Transparent Data Encryption on SQL databases should be enabled	Transparent data encryption should be enabled to protect data-at-rest and meet compliance requirements	AuditIfNotExists, Disabled	2.0.0

Asset Management

For more information, see the Azure Security Benchmark: Asset Management.

AM-1: Ensure security team has visibility into risks for assets

Guidance: Make sure security teams are granted Security Reader permissions in your Azure tenant and subscriptions. These permissions let those teams monitor for security risks using Microsoft Defender for Cloud.

Monitoring for security risks could be the responsibility of a central security team or a local team. That decision depends on how security team responsibilities are structured. But you must always aggregate security insights and risks centrally within an organization.

You can apply Security Reader permissions broadly to an entire tenant (Root Management Group) or scoped to management groups or specific subscriptions.

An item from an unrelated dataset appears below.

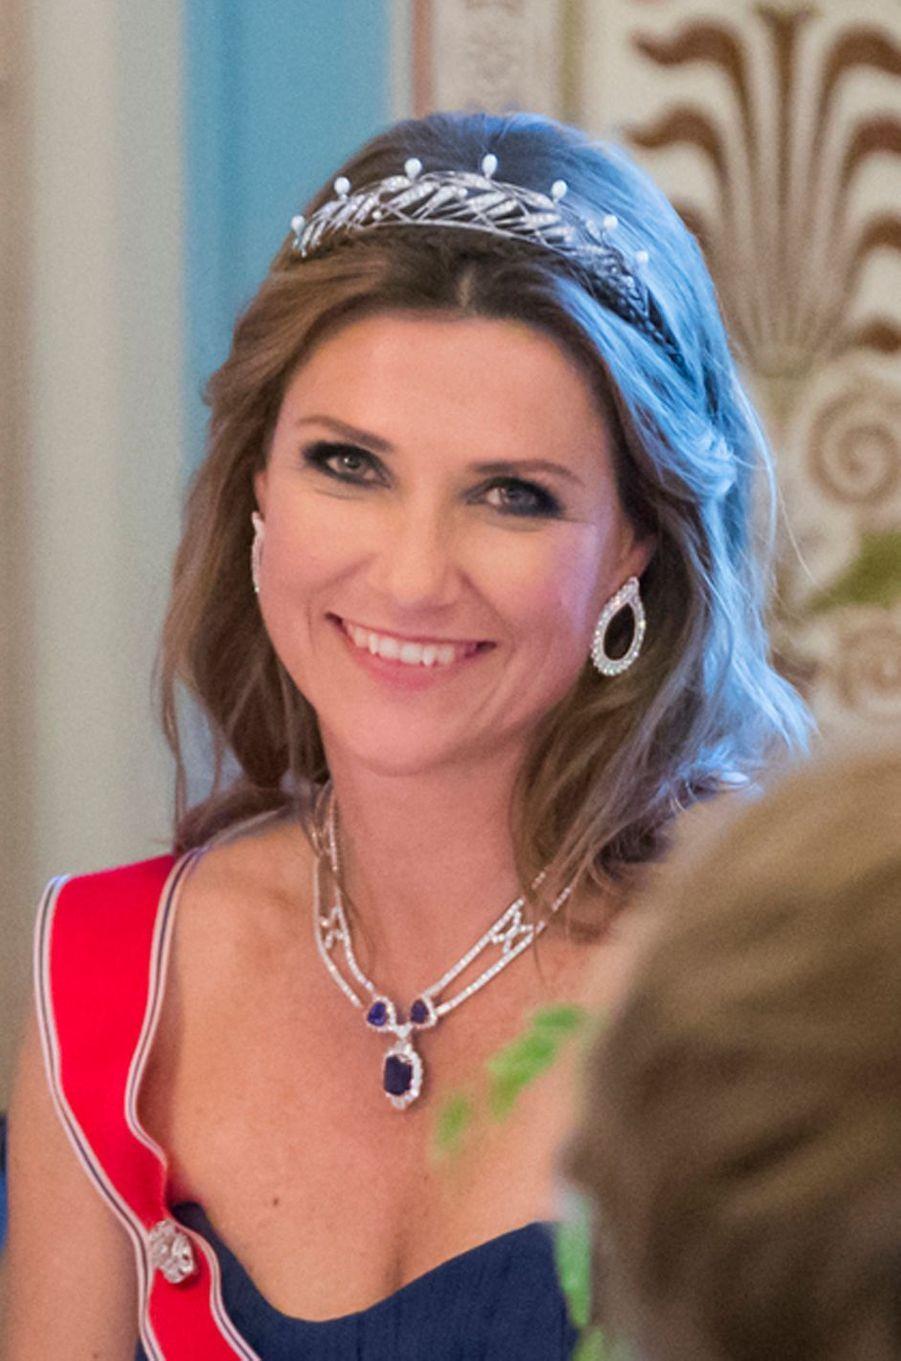 Le diadème de la princesse Märtha Louise de Norvège à Oslo le 9 mai 2017

Note: More permissions might be necessary to get visibility into workloads and services.

Responsibility: Customer

AM-2: Ensure security team has access to asset inventory and metadata

Guidance: Make sure security teams have access to a continuously updated inventory of assets on Azure, such as Azure Synapse Analytics. Security teams often need this inventory to evaluate their organization's potential exposure to emerging risks. The inventory is also needed as an input to continuous security improvements. Create an Azure AD group to contain your organization's authorized security team. Then assign them read access to all Azure Synapse Analytics resources. This action can be done with a single high-level role assignment within your subscription.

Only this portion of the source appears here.